Wednesday, October 3, 2012

Yoga from the Inside Out Response Two

The second fourth of the book talked about treating the body as temple according to kaya sadhana which refers to using the body as a means for change. This, as opposed to how I normally perceive yoga and other exercises, is very different from using exercise to change the body itself. It wasn't until I got to college that I realized I could grow spiritually through my body. It's a sacred temple which I should revere and respect, especially because it is a house for my delicate soul. I find comfort in the fact that despite how my body wears and tears over the course of my life, my soul and spirit will be constant. Hopefully they will be growing positively, but the point is that they don't age or weaken like my body inevitably shall. Nevertheless, I must try to my utmost to keep my body running well in a state of healthfulness partly out of respect for my soul, but also because I'll experience life to the fullest if I am physically well. I think this is different for everyone, simply because we're all different. For me, being kind to myself includes getting 7-9 hours of sleep. I can function well enough on less than that, but there's a noticeable difference in my ability to focus and my eating habits are pretty poor when it's day 2 or 3 of 5 hours of sleep. I also eat a lot of fruits and vegetables because I really like the taste and the juiciness. When I'm traveling or for whatever reason don't have some fruit and/or veggies for more than a day or two, I feel groggy and insatiably thirsty, even if I am drinking a lot of water. I've learned that my body requires a lot of downtime, which I'm usually not willing to give it, thanks to my Type A tendencies. As a result, I do my best to take a 30-45 minute nap everyday since I have a hard time "doing nothing," that is, sitting up and letting myself be. I feel best when the aforementioned things are happening in my favor.

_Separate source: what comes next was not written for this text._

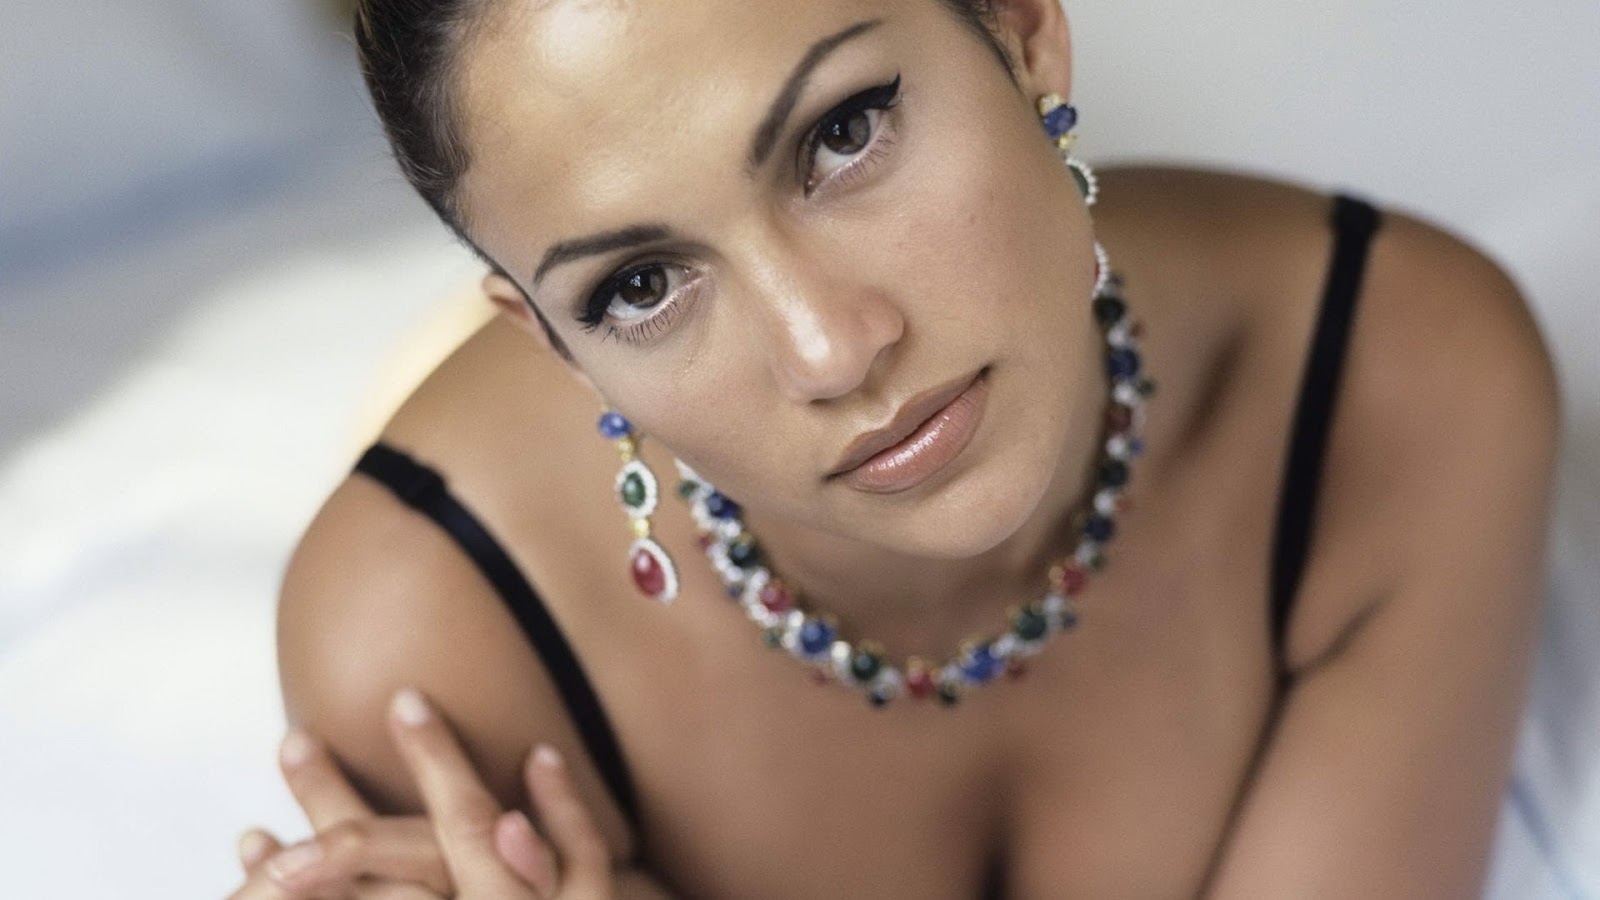 http://4.bp.blogspot.com/--y8im7teRnQ/T456t_SnB3I/AAAAAAAAB4Q/h4MqAEwB9vU/s1600/Jennifer-Lopez-Hot-Sexy-Hd-Wallpapers-10.jpg

Yoga works wonders for people who are mental wanderers. I used to, and still do but less frequently, let my mind wander off in conversation, in class, basically anytime. I'm not saying there is anything wrong with daydreaming, but life isn't meant for us to tune out, or stare the clock down wishing minutes and days away...As Sell said, "Like pearls strung together to make a beautiful necklace, the moments we stay conscious and present will string together to form our lives and our practices." I get a lot more out of my day when I am intentional about being happy/mentally present wherever I am. If I may be a little morbid, I'm not guaranteed every day, and so I have to take advantage of what God has given to me. For example, I took biology my freshman year here, and I would zone out nearly every class period. I ended up getting a less than stellar grade in the class, and I can partly attribute that to my mental check out. It was really disrespectful of me to let that continue to happen that way. I wasn't giving my professor credit, and I wasn't doing myself any favors by missing out on the lecture. Turning it back to yoga, I have to be fully engaged in practicing yoga - making sure my alignment is right, my ribs are pulled back, buttock flesh down, and that I'm taking steady breaths. It's a lot! but it pays dividends. Once I cultivated the skill of multitasking (for lack of a better word) in my yoga sessions, it was easier to be present when listening to my friends in conversation, and eventually listen better in my classes.